The Future of Wood Heat
Like yourself perhaps, and many other MOTHER readers for sure, I’m just too rough around the edges to live easily with a pellet stove. They are very expensive, automated machines that need a level floor and stable environment offering a constant (if tiny) supply and a reliable source of electric power. I prefer to provide life essentials such as wood for heat myself rather than squandering my limited time on this earth working for money to buy it from someone else. I prefer to live free of the grid, well away from sidewalks and as close to nature as I can get, in a tipi or on an old wooden boat or in a rustic cabin that I can leave for months at a time and not worry about having valuable things like pellet stoves stolen or vandalized.
But, I’m a throwback. Modern people actually like living in towns or cities, or they are stuck there even if they don’t much like it, and fire logs are just too awkward and low-energy to truck to town and haul up three flights of stairs. Pellet stoves offer the only practical way developed to date for conservation-minded people to heat with renewable fuel in town. And the planet could use the help. Gas-log heaters are growing in popularity, but they don’t distance us a bit from dependence upon fossil fuels. In that sense, those little nuggets might well represent a last stand for heat-energy independence.
I view the pellet stove as an example of truly appropriate technology–exemplifying the right mix of brainpower and hardware to civilize wood heat so it is acceptable in America’s living rooms–not as a fad as in the ’70s but an economically competitive alternative to finite energy resources. In making renewable wood energy truly practical for all, a pellet-burner is perhaps the most 21st-century-modern home appliance there is.
Pellet-Stove Problems in the Maritimes
Nova Scotia, New Brunswick and PEI (the Maritime Provinces of Canada’s Atlantic Coast) are at the bitter end of the gas and oil supply lines, so the cost of fossil heating fuel can be prohibitive, especially these days, with both the lumbering and fishing industries on rough times. Cordwood is readily available, but conventional wood stoves demand constant attention, so when a first local pellet mill was built two years ago and proved able to sell pellet fuel at a logwood-competitive cost of CAN$100/ton (US$73), between 3,000 and 4,000 self-tending pellet-burning stoves were purchased and installed.
However, once a substantial number of stoves had been in operation for any length of time, home-insurers in the Maritimes found themselves paying for smoke damage in pellet-heated homes. Most were extensively cleaned and painted. But in one well-publicized case, reported in the August 19, 1995 Hearth & Home magazine (where a smoke-cleanup crew left the miscreant stove running unattended over a two-day holiday), the insurer found it cheaper to tear the house down and rebuild from scratch than to cleanse it of pellet-stove smoke. NOTE: This is not fire damage. Pellet stoves’s outstanding record of fire safety remains valid. However, insurance claims for smoke damage have been so high that some Canadian insurers have threatened to refuse to cover pellet-heated homes.

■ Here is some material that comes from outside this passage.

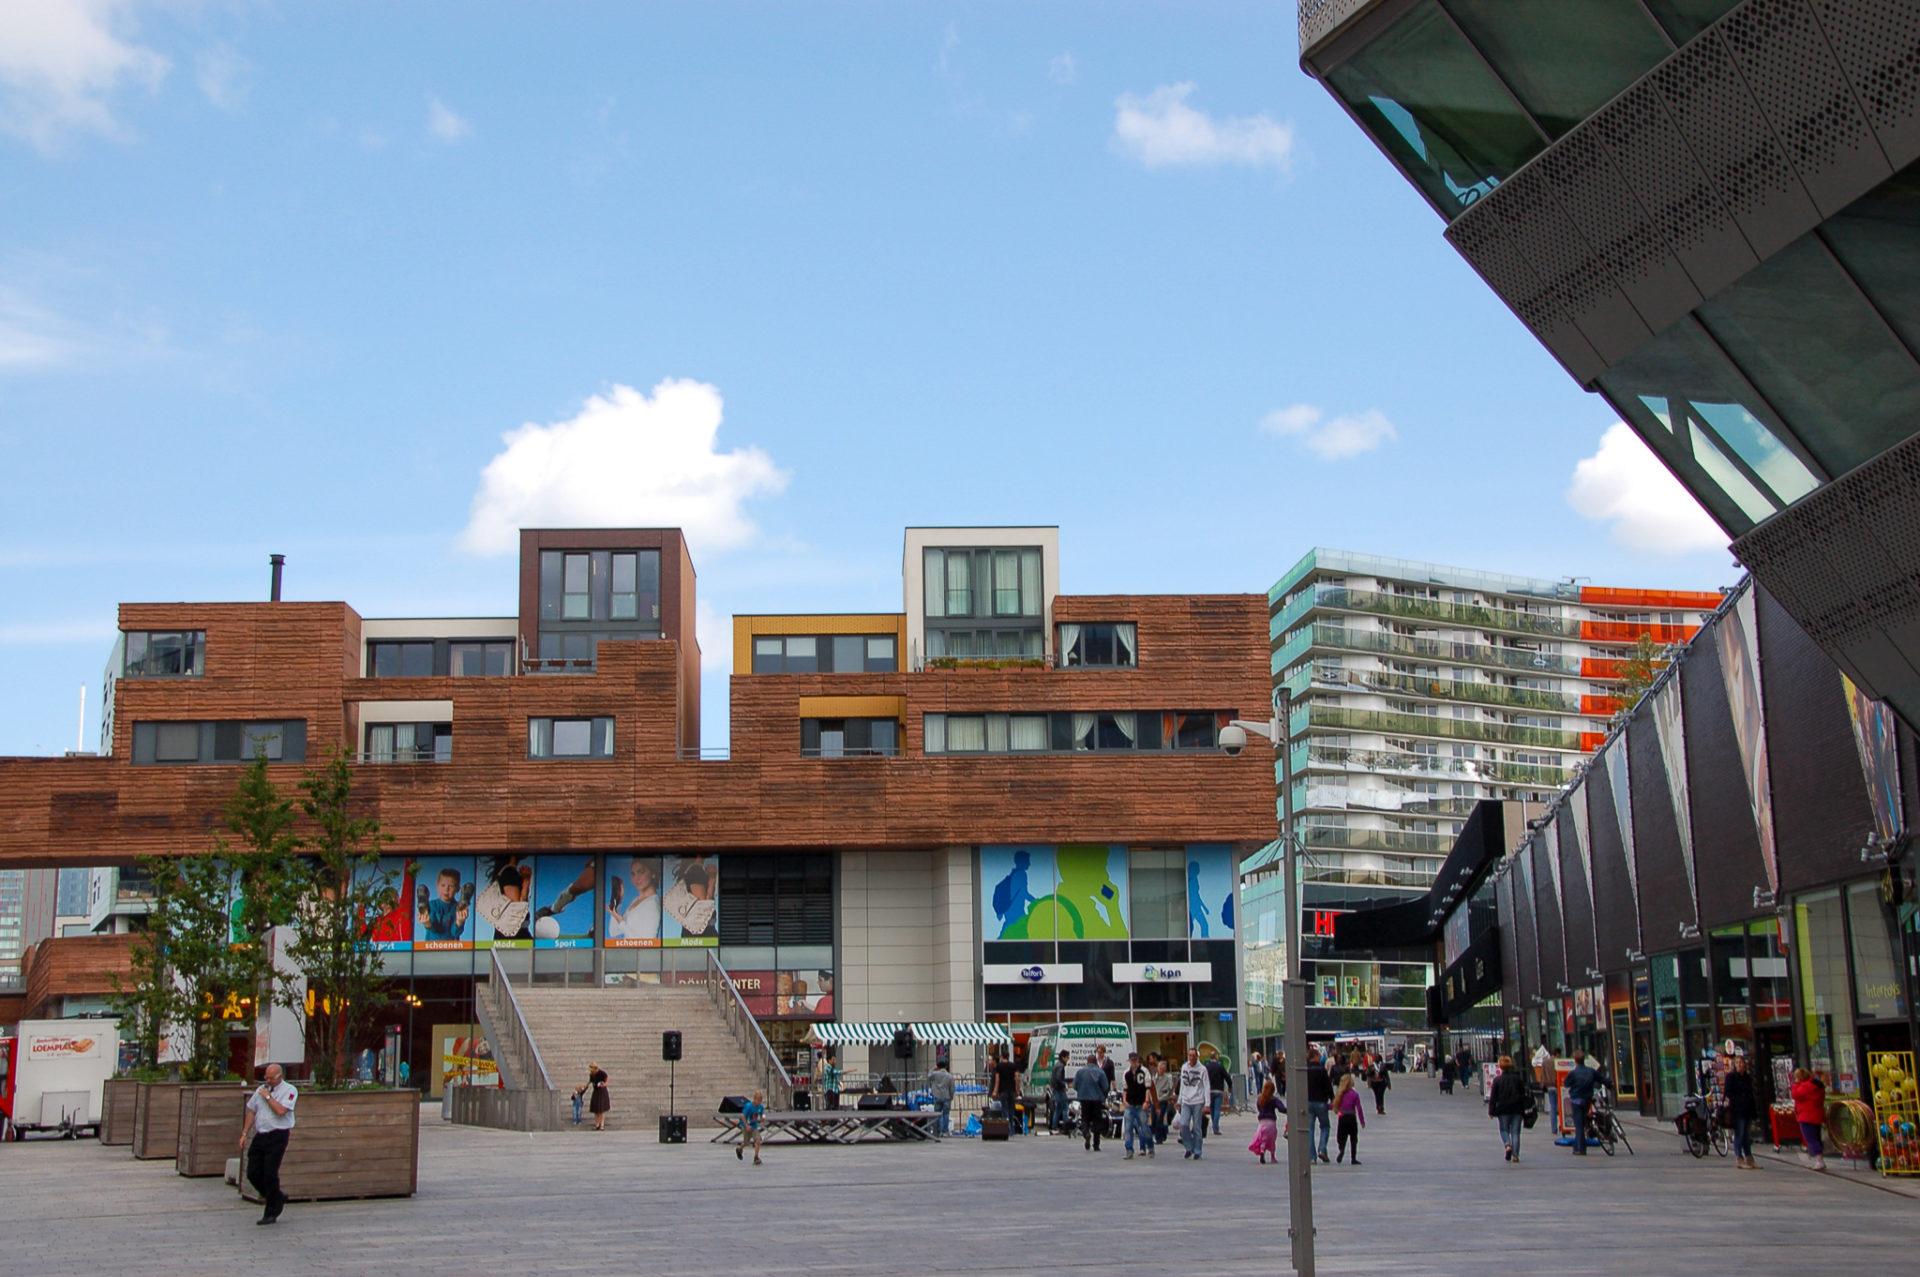 Büroturm De Smaragd als Ausdruck moderner niederländischer Architektur

As any experienced wood-burner knows, smoke from a smoldering wood fire makes a greasy brown creosote that can stain the ceiling, discolor upholstered furniture and drapes, and make your clothes smell like old-time pine-tar liniment. You can’t wash it off or paint over it either; the brown stain soaks into fabric, plaster and unfinished wood, will eat its way through latex interior paint in a day, and undermine oil-based paints and make them slough off in a few months.

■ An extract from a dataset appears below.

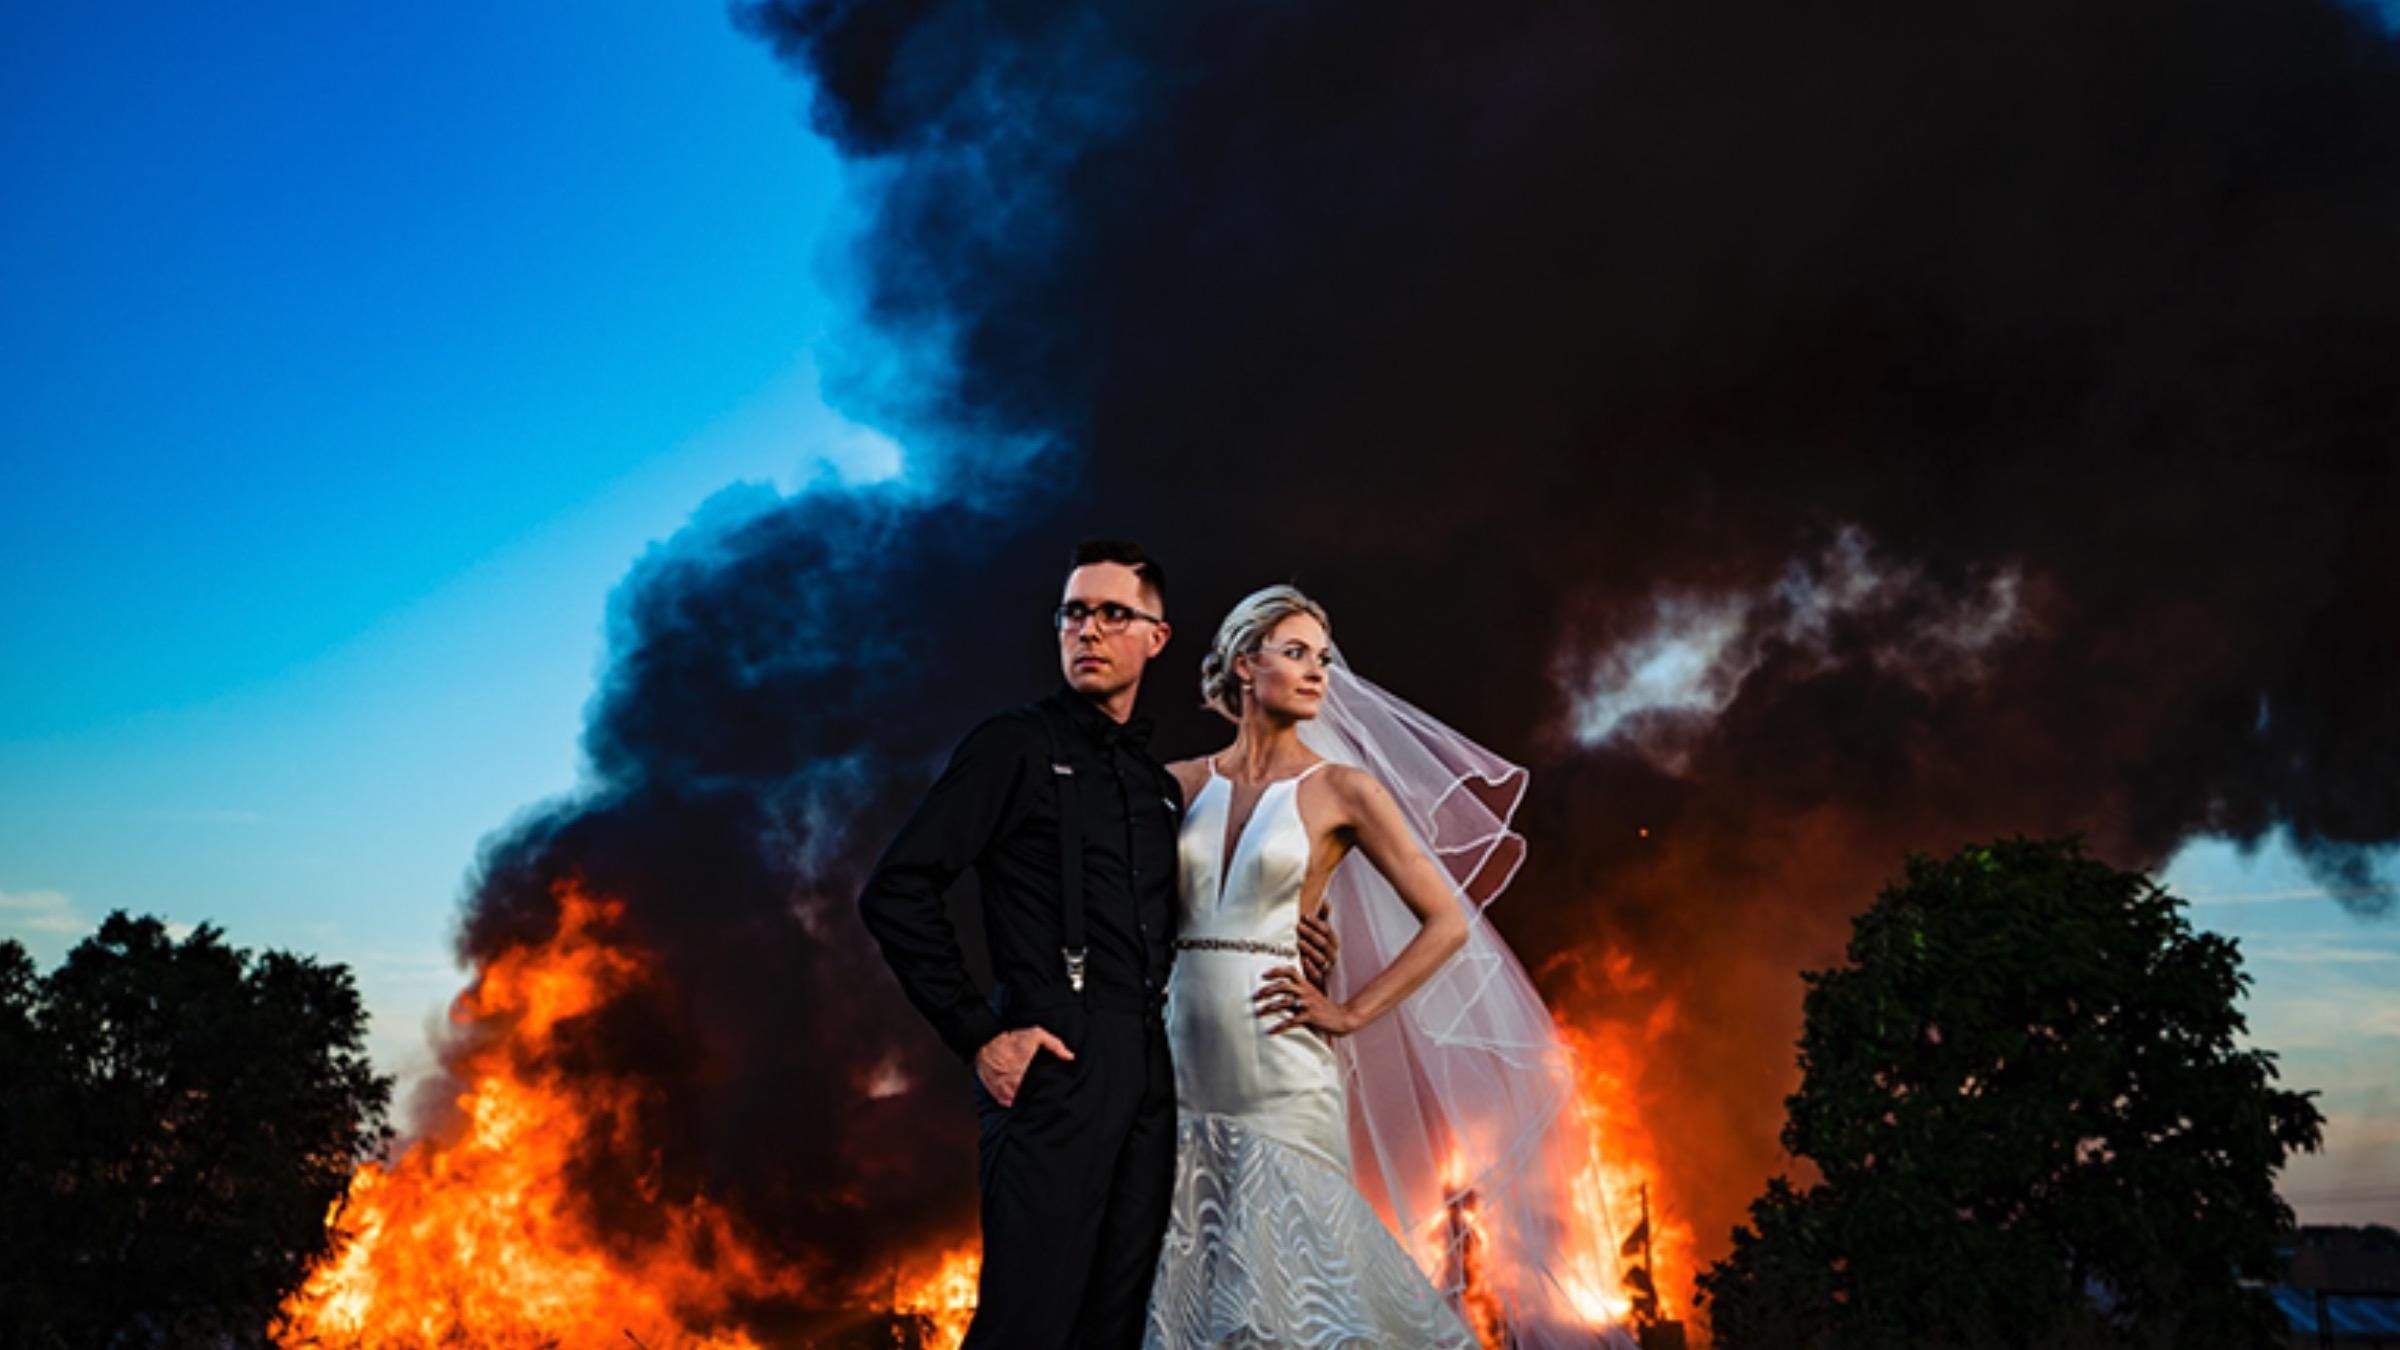 Свадебная фотосессия с пламенем: как пара внезапно сделала впечатляющие кадры на фоне пожара

Insurance companies, stove makers and retailers, and the government are teaming up to research the sources and cures for the problem (and MOTHER will keep readers apprised of their findings). But for now, it seems that minor smoking occurred when improperly installed vent pipes failed to draw out smoke when electricity failed and the vent fan quit. Major damage happened when the automatic fuel-feed clogged and a smoldering fire worked its way through the clog and into the fuel hopper.

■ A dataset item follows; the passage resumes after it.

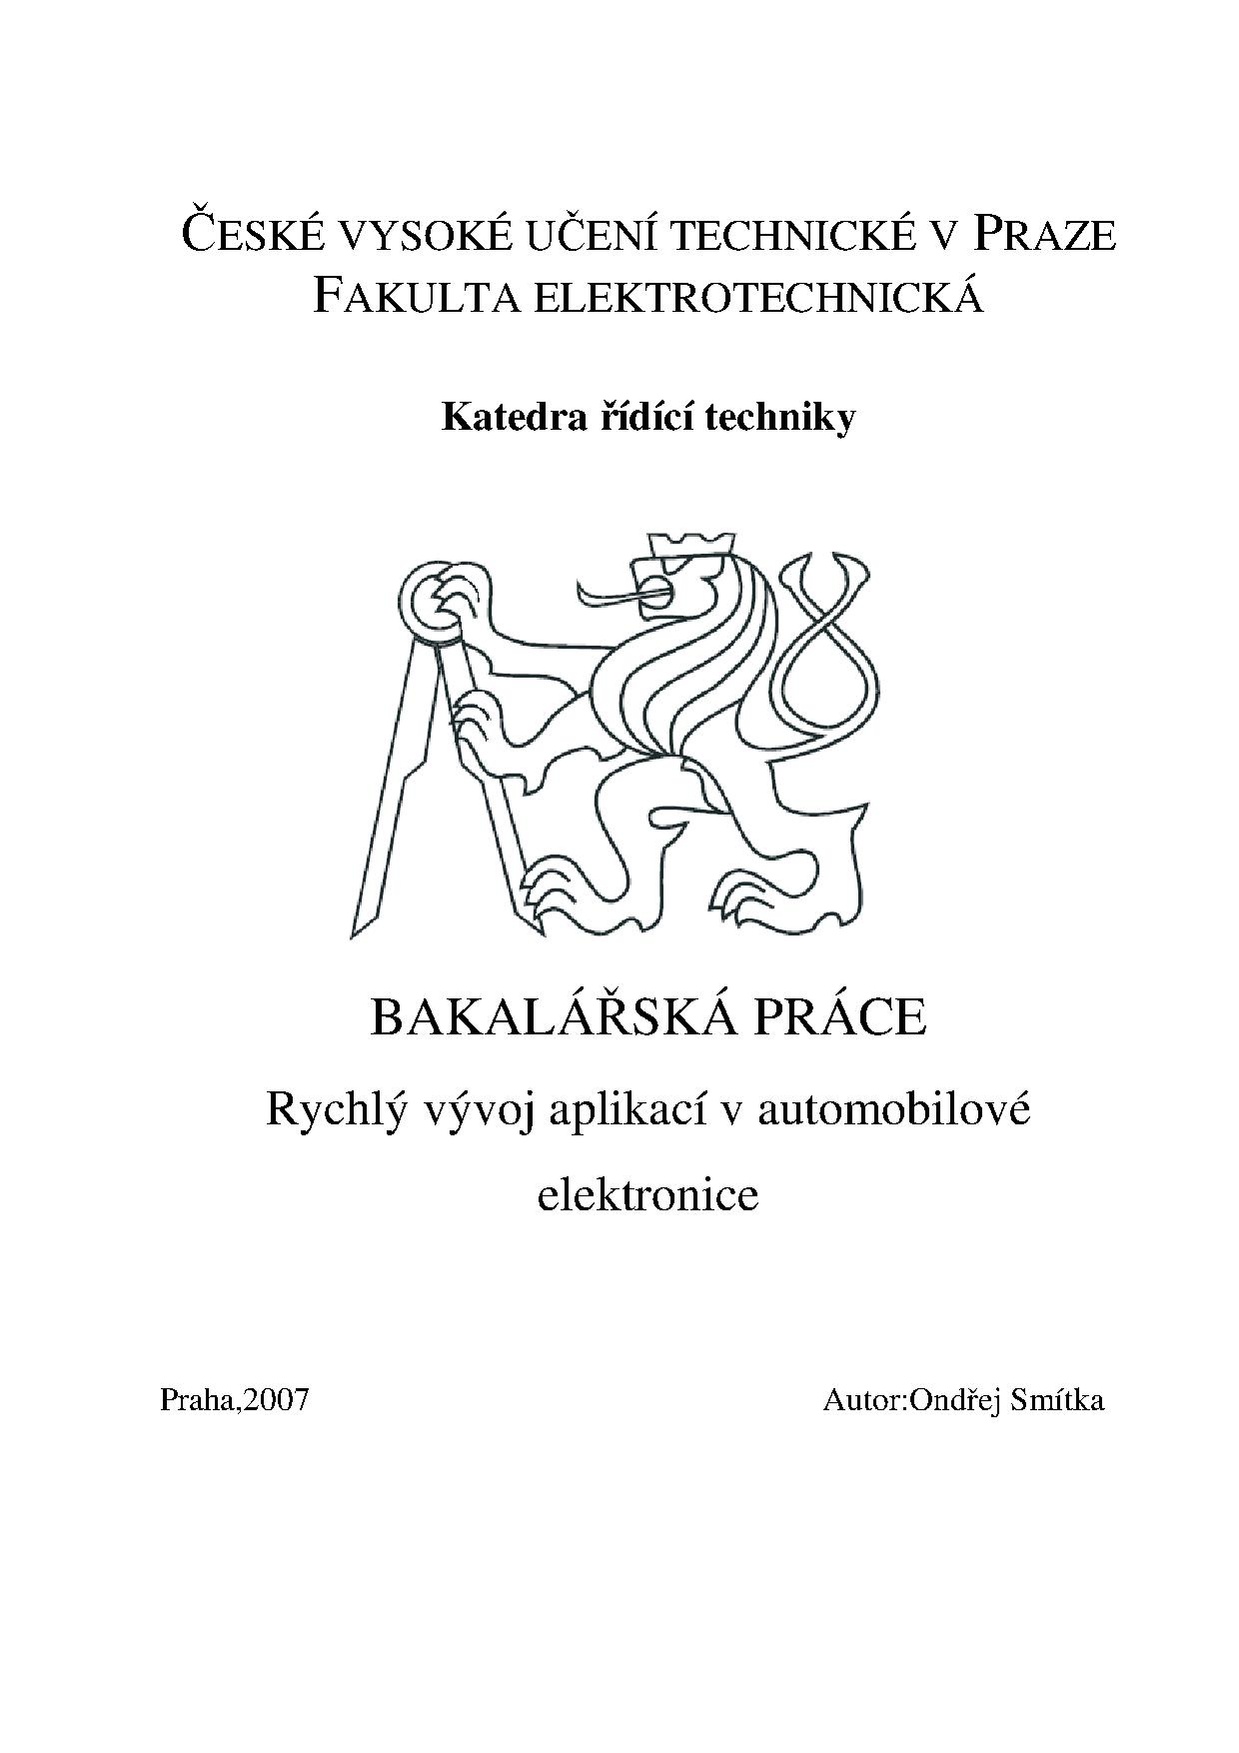 Bp 2007 smitka ondrej.pdf

If you have your pellet-burner installed by an experienced, licensed pro, you should have no venting problems. Just be sure the vent outlet is located high enough above the fire bed that the pipe will draw naturally even if electricity fails. And (as with any stove) avoid lengthy horizontal runs of pipe, and have any that you do install aiming up at a significant angle. Most smoky Canadian stoves had six foot or longer horizontal runs of pipe, some to avoid Code prohibitions against outletting smoke within a certain distance of a window.
To avoid auger clogs and hopper fires you must treat a pellet stove for what it is, a hybrid between a hand-managed log stove and a fully automatic oil or gas burner. Problems arise when homeowners just keep dumping in fuel without maintaining the appliance. To function properly, the fuel-feed auger should run almost constantly, delivering a constant dribble of pellets so that a hot, super-clean fire burns continually. That first clog will hinder fuel-flow, heat output will fall, the thermometer will demand more fuel, and the problem will compound. Check, and if need be, clear the mechanism each time you add pellets. (And this goes double if you are burning corn!)
Another problem is inconsistency between batches of fuel. Some Canadian critics have charged that mills are adding chemicals or non-wood components. The jury is still out. (In Canada, wood pellets must be 100% wood; in the U.S. there is no regulation yet and “wood” pellets can be made from cardboard or paper or a mix of fibers, all of which will burn, though at different heats, efficiencies and ash residues.)
Also, to be honest, the home-scale pellet-making industry is relatively new and the technology untested. Raw material sources vary considerably. As any experienced wood burner will understand, even though dried and pulverized from chips or sawdust, pellets pressed from pine will vary in heat and ash content from pellets made from oak. I’ve burned cardboard, logs rolled and pressed out of newspaper as well as shaved-wood excelsior, Kraft paper rolls, leftover newsprint, and more. It all burned, but each type of fuel needed a different arrangement on the grate to supply needed air, and some of it simply had to be mixed with a more conventional fuel to burn at all. I had to experiment with each type to keep a satisfactory fire. The same is true of a pellet-burner.
I suppose there are some charlatans in the pellet-making business who’ll misrepresent their product. There surely were some country rounders in the cordwood business down here in the Lower 48 before state legislatures laid down the law defining a cord as 128 cubic feet, and before wood-burners learned the hard way. Caveat emptor (buyer beware) as they say, and have been saying since J. Caesar’s day.
So, get the best pure wood fuel you can. Taste it. Wood doesn’t taste like cardboard or clay or old newsprint. Be sure it is freshly made, and dry–hasn’t been sitting in a damp warehouse or in the rain for any time at all–lest it absorb more moisture than the 1 to 5 percent maximum the stove is designed to handle. A taste-test works here too; fresh, bone-dry pellets will absorb water and kind of vacuum-stick onto your wet tongue; wet pellets won’t.
Test-burn each batch of fuel and calibrate as needed before you leave the stove to tend itself. You may have to restart, remove or stir up fuel or manually push down ash till you get it right.
If you’ve ever smelled smoke during a normal burn–or even if you haven’t–add onto your smoke pipe. Carry it up beyond the roof line if you haven’t already. A stock 10- or 12-foot length of pipe or two are easy to attach with simple friction-fit couplings and will be barely noticeable on the house. Tack it to the siding every couple of feet with flanged “U”-shaped tin brackets and deep fasteners, lest it blow off in the same wind that downs the power lines, that kills the power, that stops the fan-forced draft, that causes the smoking problem.